What is expected:
Reproduce the listing word for word. Skip any image.

Source material:
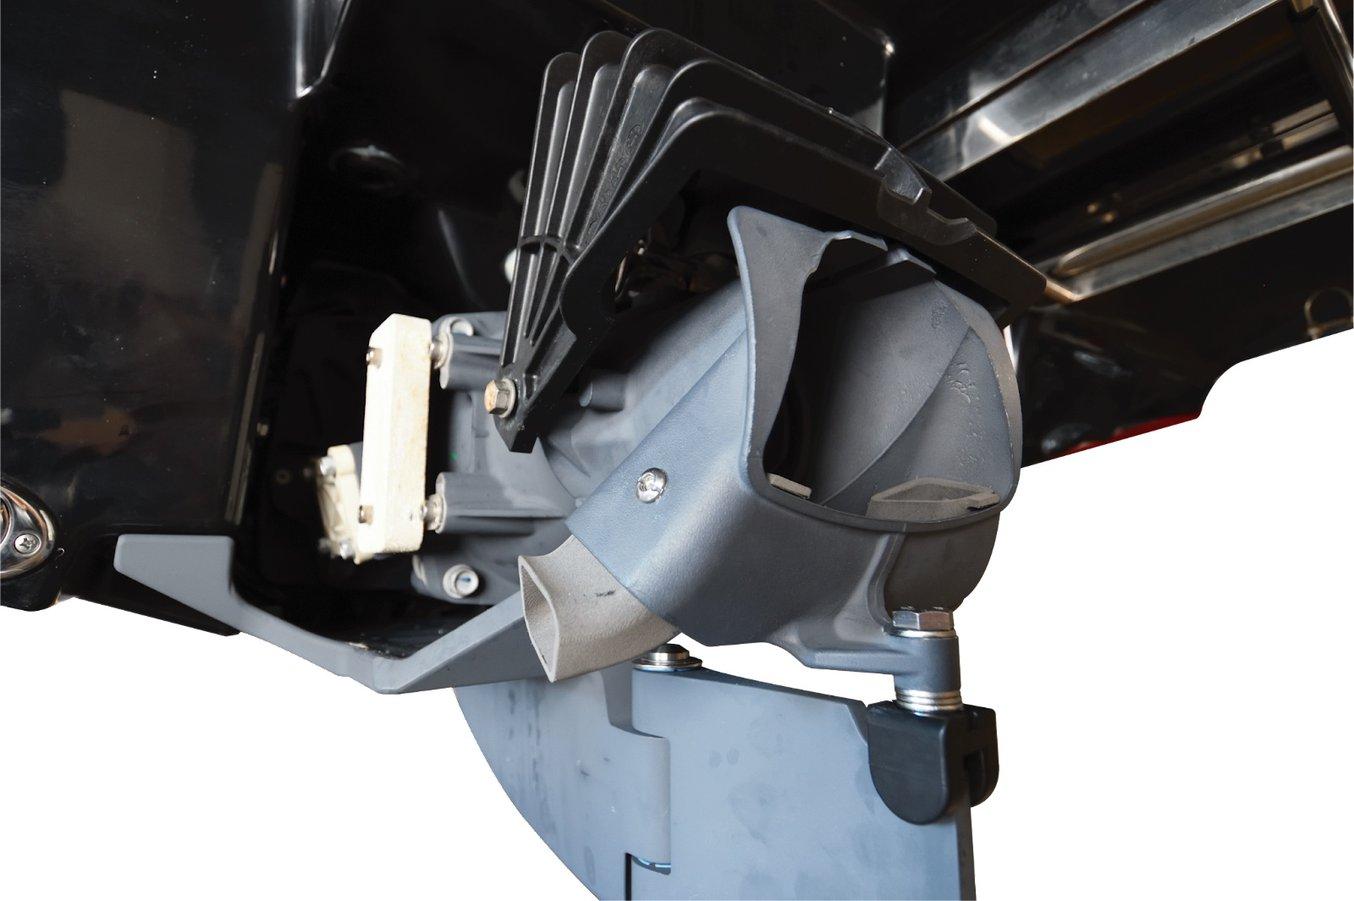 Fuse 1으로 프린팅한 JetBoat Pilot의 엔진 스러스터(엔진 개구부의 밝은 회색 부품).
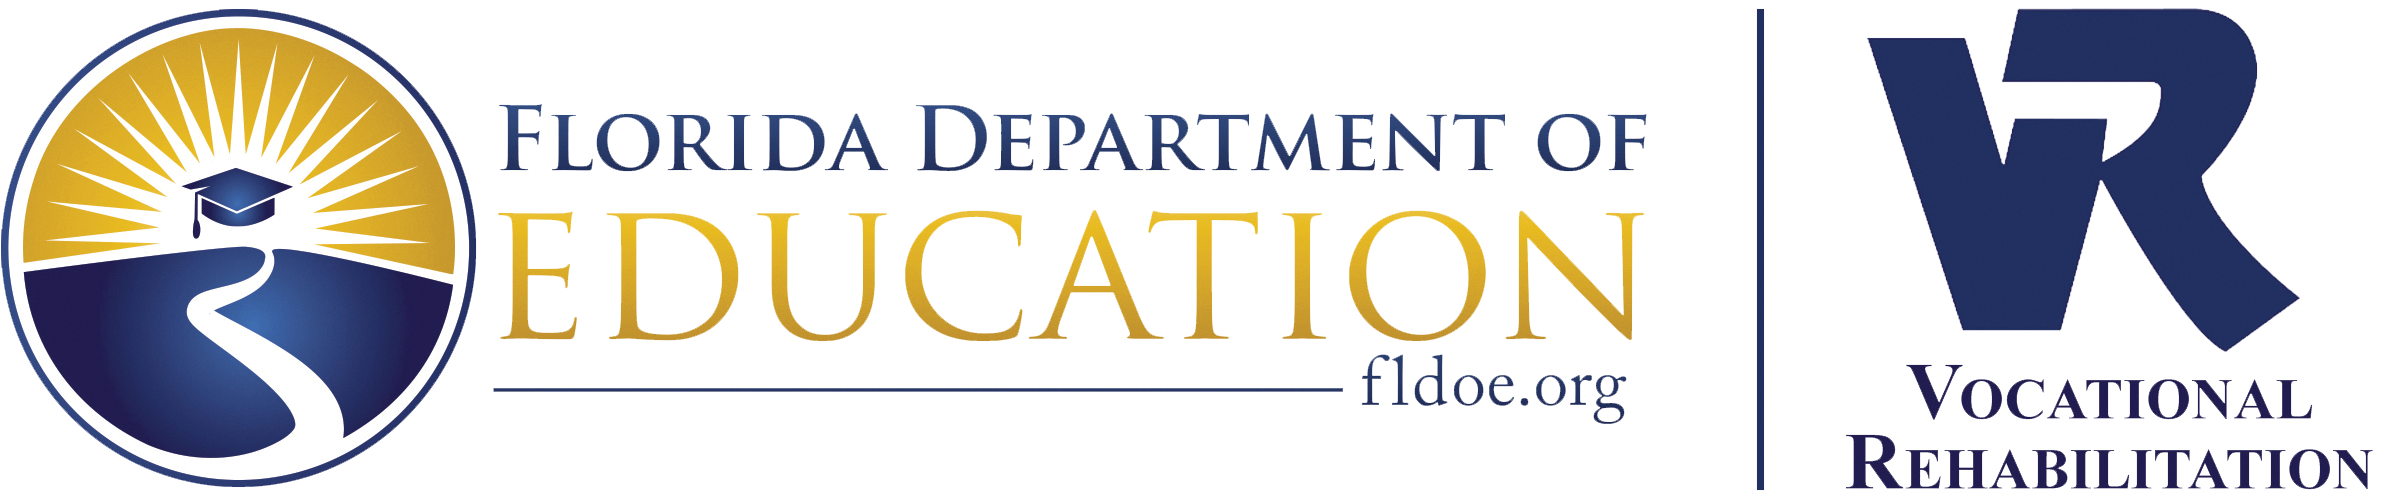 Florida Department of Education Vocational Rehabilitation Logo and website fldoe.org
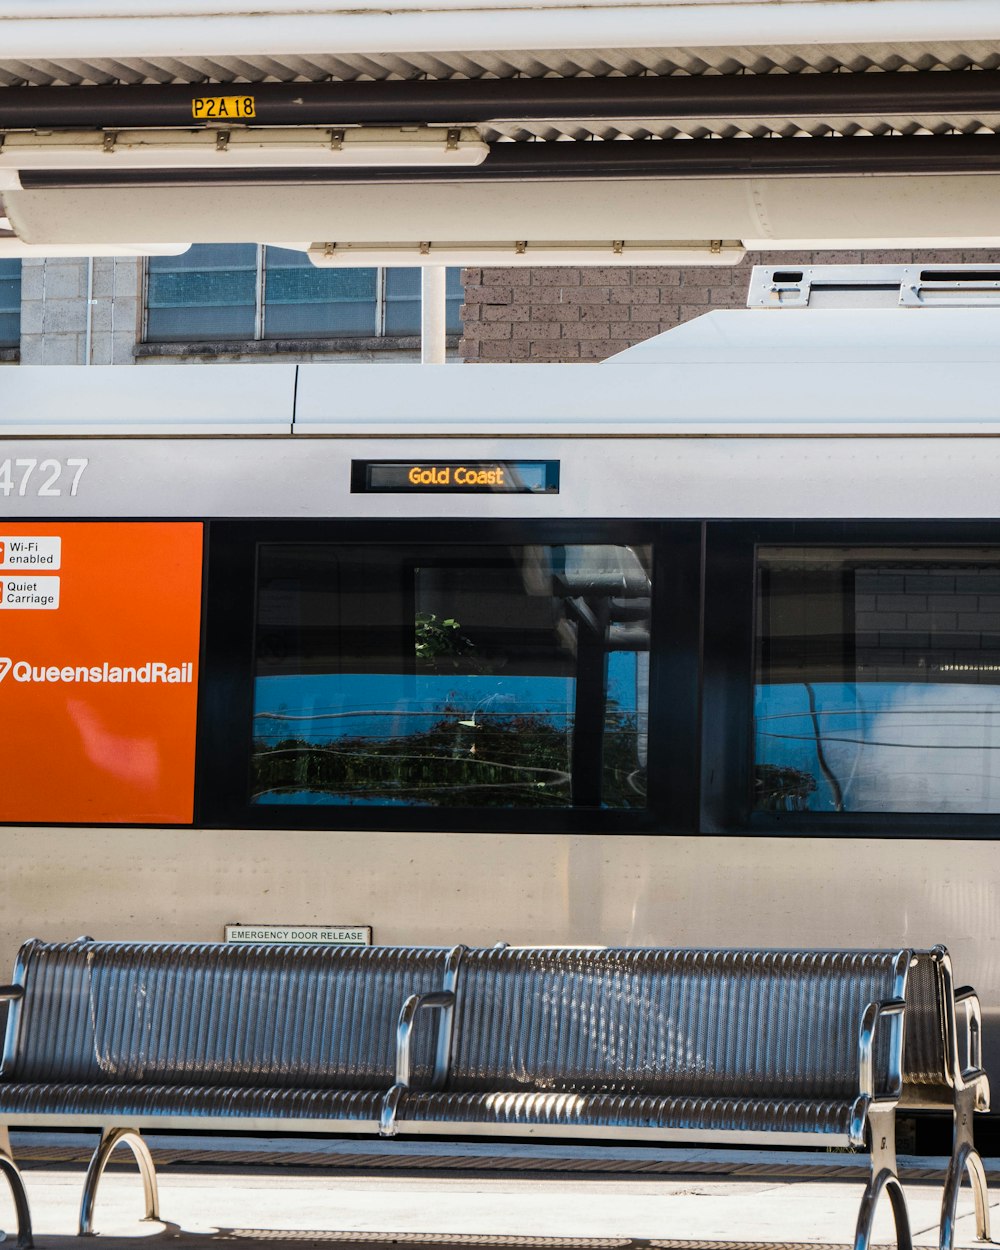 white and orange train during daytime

Exercise result:
 Fuse 1으로 프린팅한 JetBoat Pilot의 엔진 스러스터(엔진 개구부의 밝은 회색 부품).
 Florida Department of Education Vocational Rehabilitation Logo and website fldoe.org
 white and orange train during daytime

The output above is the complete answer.